Over the last few weeks, Kenya’s digital ecosystem has been rocked by the debacle that hit Angani, the cloud services business that experienced what could only be described as a catastrophe of epic proportions. After a major falling out between the Founders and its Investors at a board meeting, Angani experienced an exceptionally long period of downtime that compromised many of its customers. Over the last week or so, Angani is somewhat(?) back online but I just checked and their own website is down as of this writing. The Angani brand and reputation has taken a massive knock.

I have been keenly observing Angani’s recovery and also had the benefit of engaging with stakeholders who are close to them – that is the Founders as well as the Investors who made a board decision to change the leadership of the business. There have also been a good number of blogs in Kenya and beyond covering Angani’s unfolding story here, here, here and here. Some have very credible insights, whereas others have what seems to be unverified and dubious information.

Going forward, Angani will probably become a case study of what happens to a Kenyan technology startup in probably the worst case scenario possible? Most of us were rooting for Angani to succeed and I was even planning to move this blog and other client business to them recently since I was fully confident that they had ‘arrived’. I have thought long and hard about the things that Angani could have done differently and below are the three most poignant lessons we can learn from what happened:

Customers Should NEVER Become Collateral Damage

The most stunning thing about what happened at Angani is that somehow they managed to lose focus on the end game? That is, the customers! It seems that the Founders and their Investors fell out over business performance related issues but ironically the customer is the one who got the hardest hit in the fallout. As far as I can tell, the Founders (may have?) refused to handover their server passwords to the Angani Investors when they could not get guarantees absolving them of any liabilities post-handover.

Instead of ensuring that the Angani servers could keep humming even if they had differences in the boardroom, it seems that an abdication of the highest order ensued and customers got damaged in the process. Apparently, Angani’s servers went down when the Investors got a team of hackers to gain control of the servers(?). Others say that the Founders deliberately sabotaged the servers(?). Whatever the case, even if the Founders and the Investors could not see eye to eye, the worst bit is that the customers got compromised in the process.

Angani’s entire business model was predicated on the idea that they were offering a world-class cloud services platform right here in Kenya. What they managed to do as a company in a few short weeks is completely reinforce the notion that we need to go outside of Kenya for this sort of service, after all is said and done, which is the last thing that should have happened. Its going to possibly take years to recover the confidence needed by customers to use a service like Angani again given what happened to them.

CONTROL The Narrative Before Bloggers & Social Media Do

I feel that Angani as a business should have been much more proactive in controlling the ensuing narrative on traditional and digital media, instead of social media and bloggers running with it. It seems that bloggers in Kenya and beyond have been essentially communicating what the Angani Founders have been saying and you can’t help but get a sense that there is an overwhelming bias in favour of them in the blogosphere? In addition, the narrative has been so skewed and corrupted that some bloggers have posts with racial undertones that paint the Founders as the victims in this whole thing.

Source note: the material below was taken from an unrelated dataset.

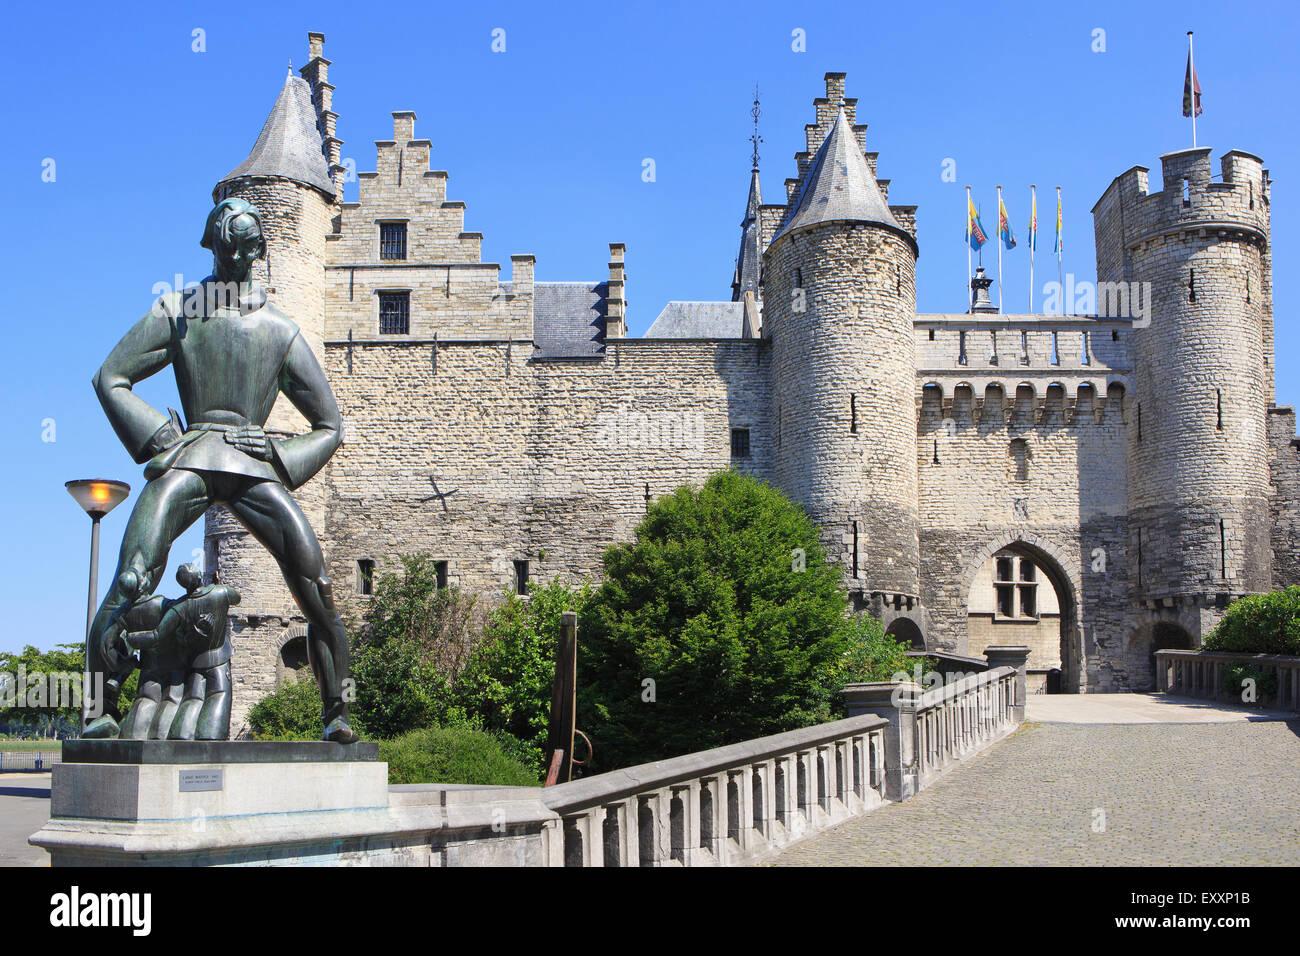 Het Steen (Antwerp Castle) in Antwerp, Belgium - Stock Image
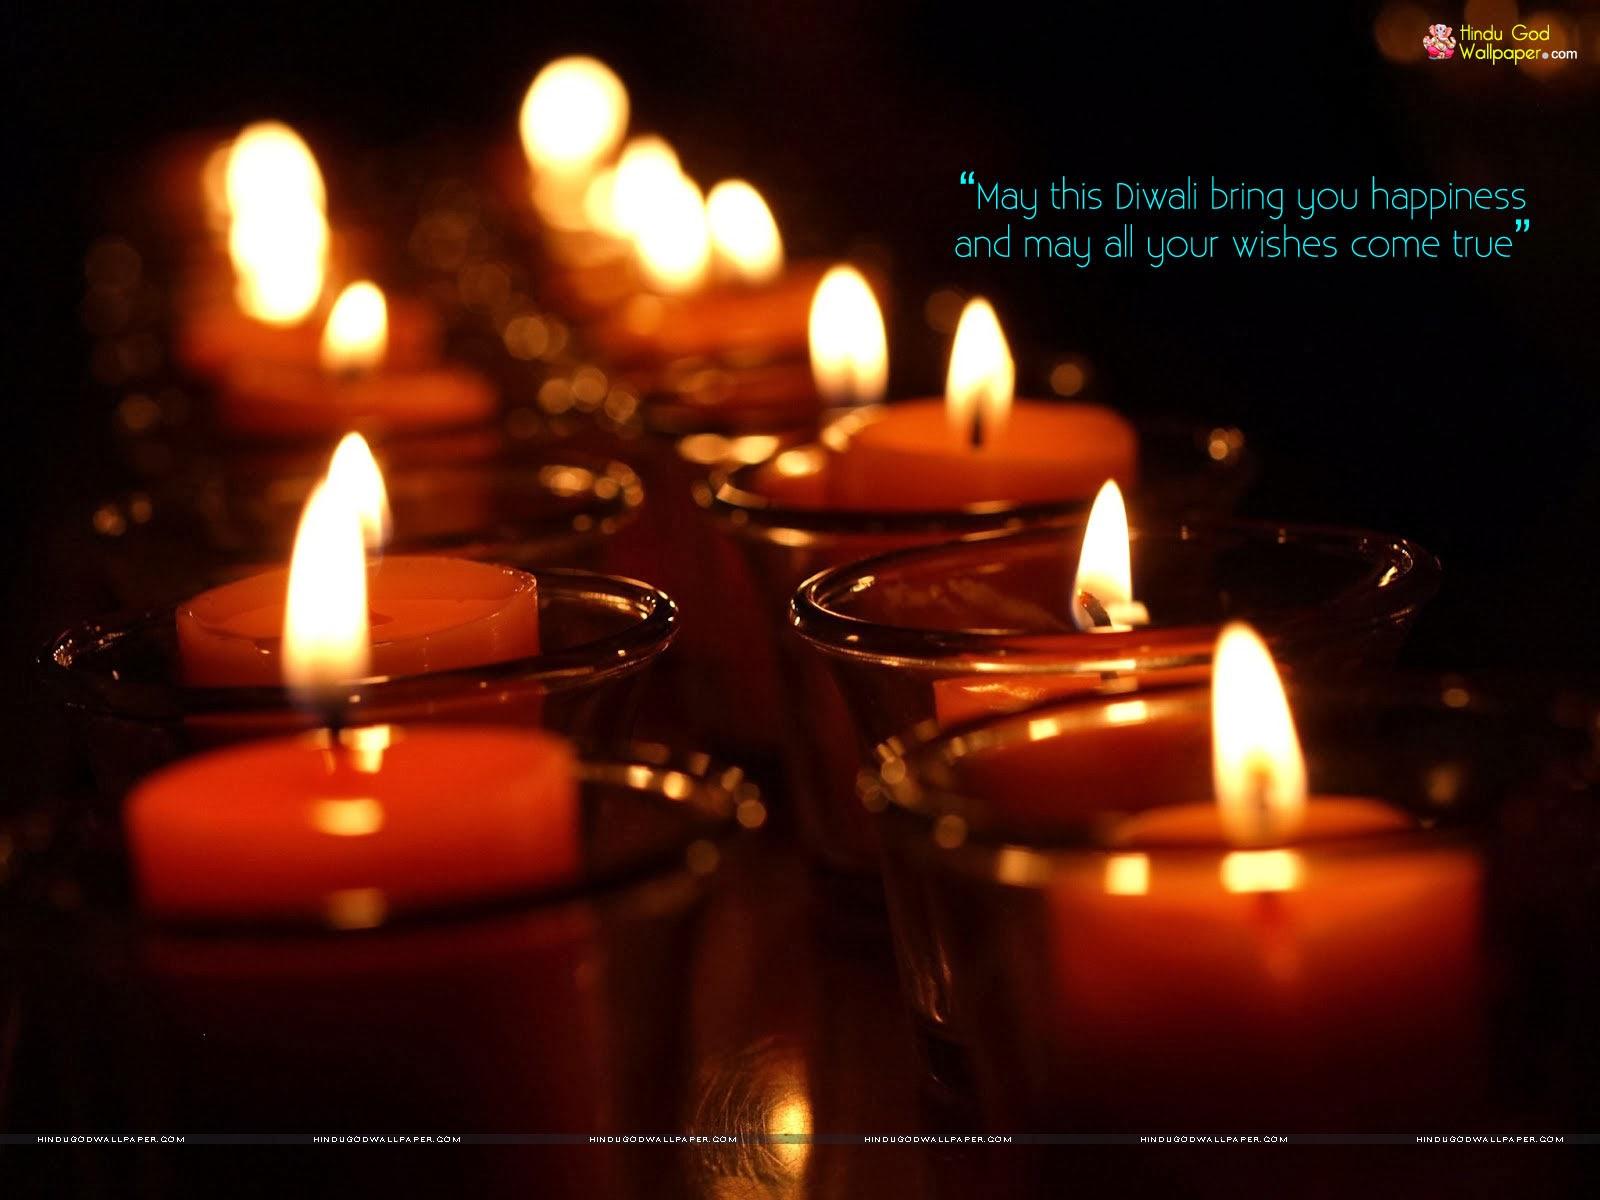 Sai Baba Quotes Wallpaper Diwali Diya Wallpapers Hindu God Wallpaper

What no one seems to be saying is that the whole Angani boardroom debacle that led to the exit of the Founders seems to have been triggered by issues of business performance, more than anything else. For technology startup founders in Kenya, the lesson that must be learned from Angani is that when you sell a stake in your business you become more than ever accountable to your Investors. This is a trade-off you make to fund your business and accelerate growth. Business takes on a much more serious flavour when there is a fully functional board represented that are looking to see their investment nurtured into to a lucrative venture – that is after all why they invested, right?

Ultimately, the foregoing seems to have been the main bone of contention. Sadly, its only at the tail-end of the Angani debacle that one of the Investors has came out with a blog post that vaguely(?) explains what happened there. I think that the current Angani leadership should have been at the forefront from day one in over-communicating the Angani position immediately after the Founders resigned. Plain and simple. By allowing bloggers to run with the story, and letting this narrative flood social media, Angani may have suffered irreversible damage to their business.

There MUST Always Be Another Way No Matter How Bad Things Get

It seems that Angani’s Investors and Founders could not agree on the basics of how the business would be run which is what led to their falling out and a change of leadership. I suspect that as bad as it looked, there must have been another way of coming to some sort of solution in the boardroom? I suspect that both sides took extreme positions and it became a matter of egos rather than finding a viable way of keeping the business functioning at an optimal level? Their customers ended up being the biggest casualty at the end of it all.

I am not convinced that the Founders and Investors could NOT find a way of getting things back on track without having to resort to extreme measures. This proves that there is need for a greater sense of maturity where technology startups are concerned in Kenya. There is a long game at play here and the digital ecosystem in Kenya is still really nascent so short-term disagreements should not obscure the long-term potential. Egos were bruised, loyalties were tested, game plans unravelled spectacularly but there must have been another way. This is was too much too soon for a technology startup like Angani.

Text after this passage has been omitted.